(Records drawn from a dataset)
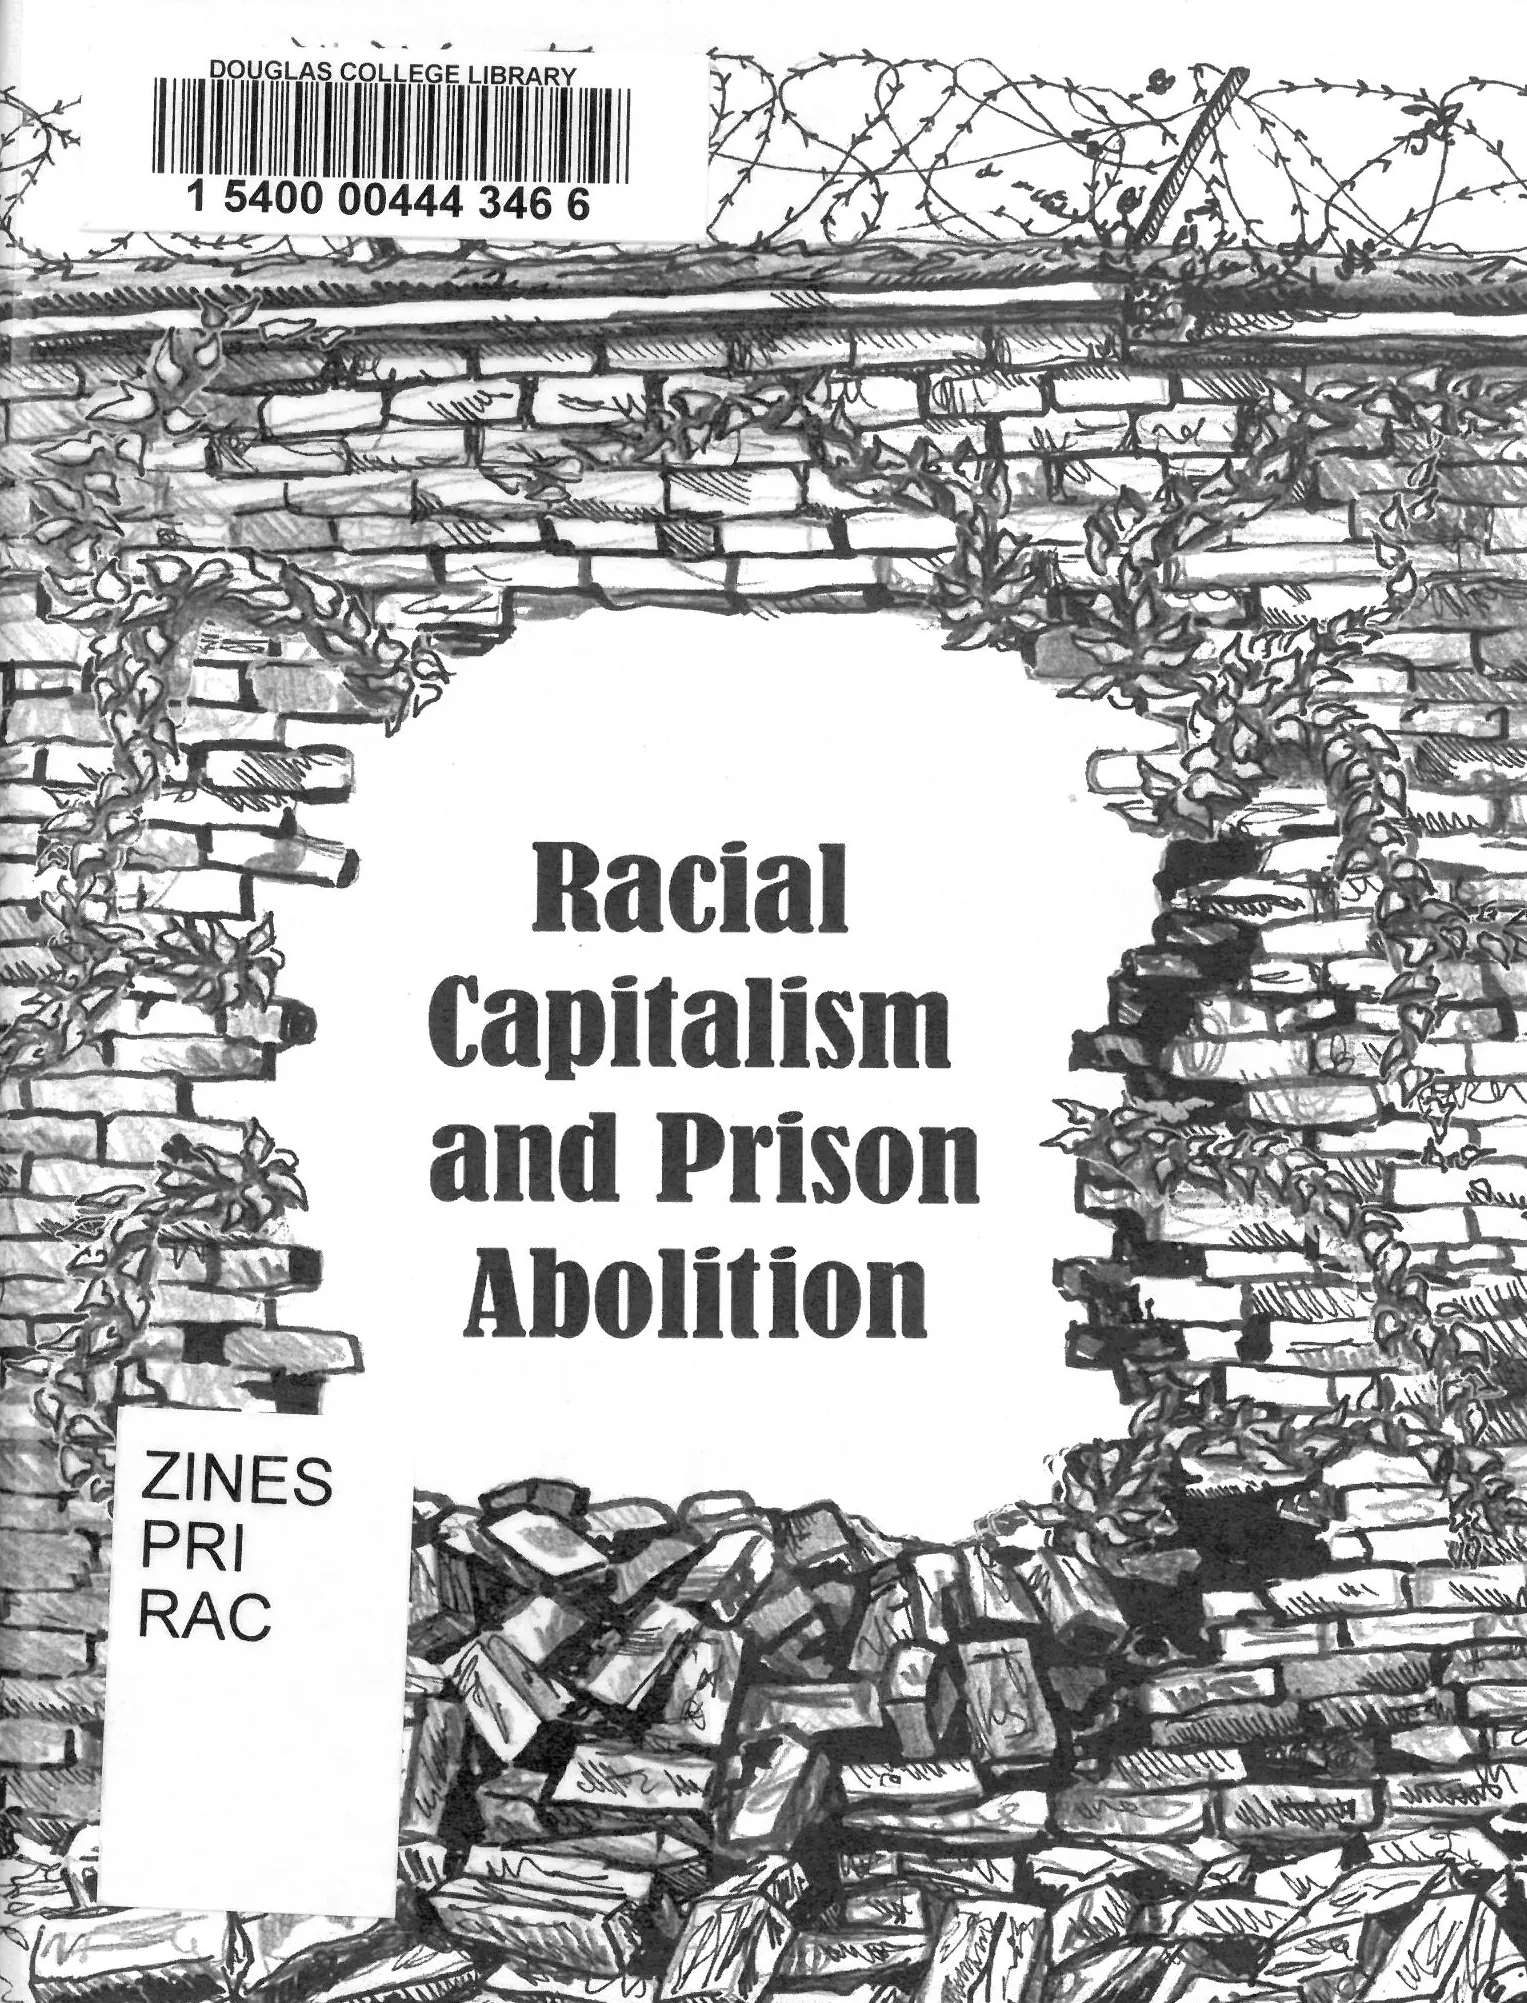 Racial capitalism and prison abolition
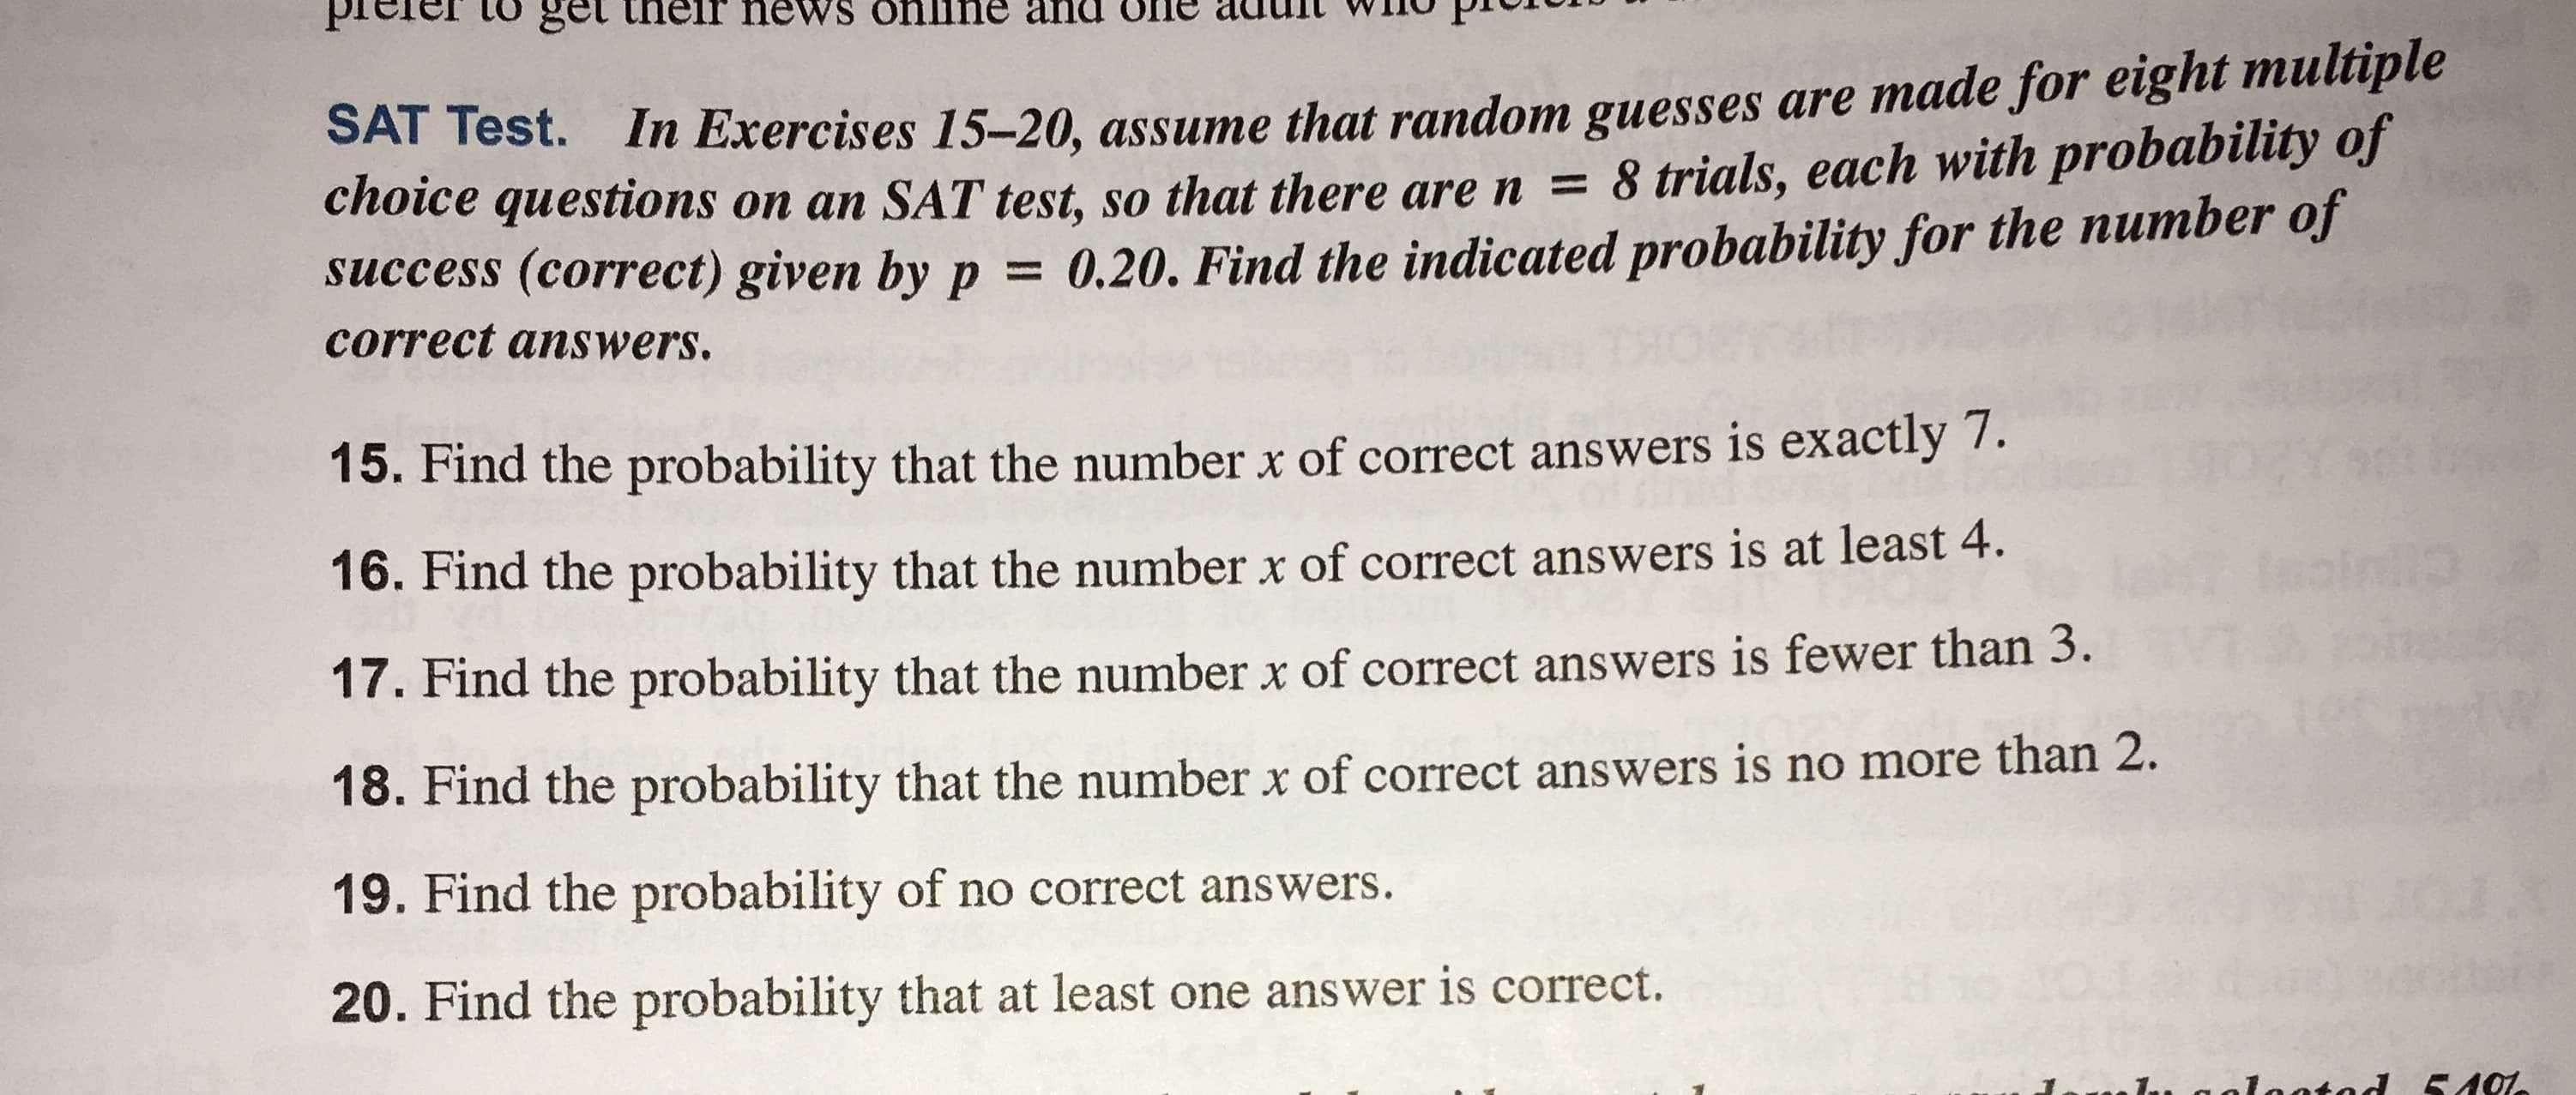 get
SAT Test. In Exercises 15-20, assume that random guesses are made for eight multiple
choice questions on an SAT test, so that there are n = 8 trials, each with probability of
uccess (correct) given by p = 0.20. Find the indicated probability for the number of
correct answers.
15. Find the probability that the number x of correct answers is exactly 7.
16. Find the probability that the number x of correct answers is at least 4.
17. Find the probability that the number x of correct answers is fewer than 3.
100
18. Find the probability that the numberx of correct answers is no more than 2.
19. Find the probability of no correct answers.
4.
20. Find the probability that at least one answer is correct.
, aalaatad 540

> Exercise aim
In the copy, no picture may appear; the records themselves must be output exactly.

> Answer to this problem
 Racial capitalism and prison abolition
 get
SAT Test. In Exercises 15-20, assume that random guesses are made for eight multiple
choice questions on an SAT test, so that there are n = 8 trials, each with probability of
uccess (correct) given by p = 0.20. Find the indicated probability for the number of
correct answers.
15. Find the probability that the number x of correct answers is exactly 7.
16. Find the probability that the number x of correct answers is at least 4.
17. Find the probability that the number x of correct answers is fewer than 3.
100
18. Find the probability that the numberx of correct answers is no more than 2.
19. Find the probability of no correct answers.
4.
20. Find the probability that at least one answer is correct.
, aalaatad 540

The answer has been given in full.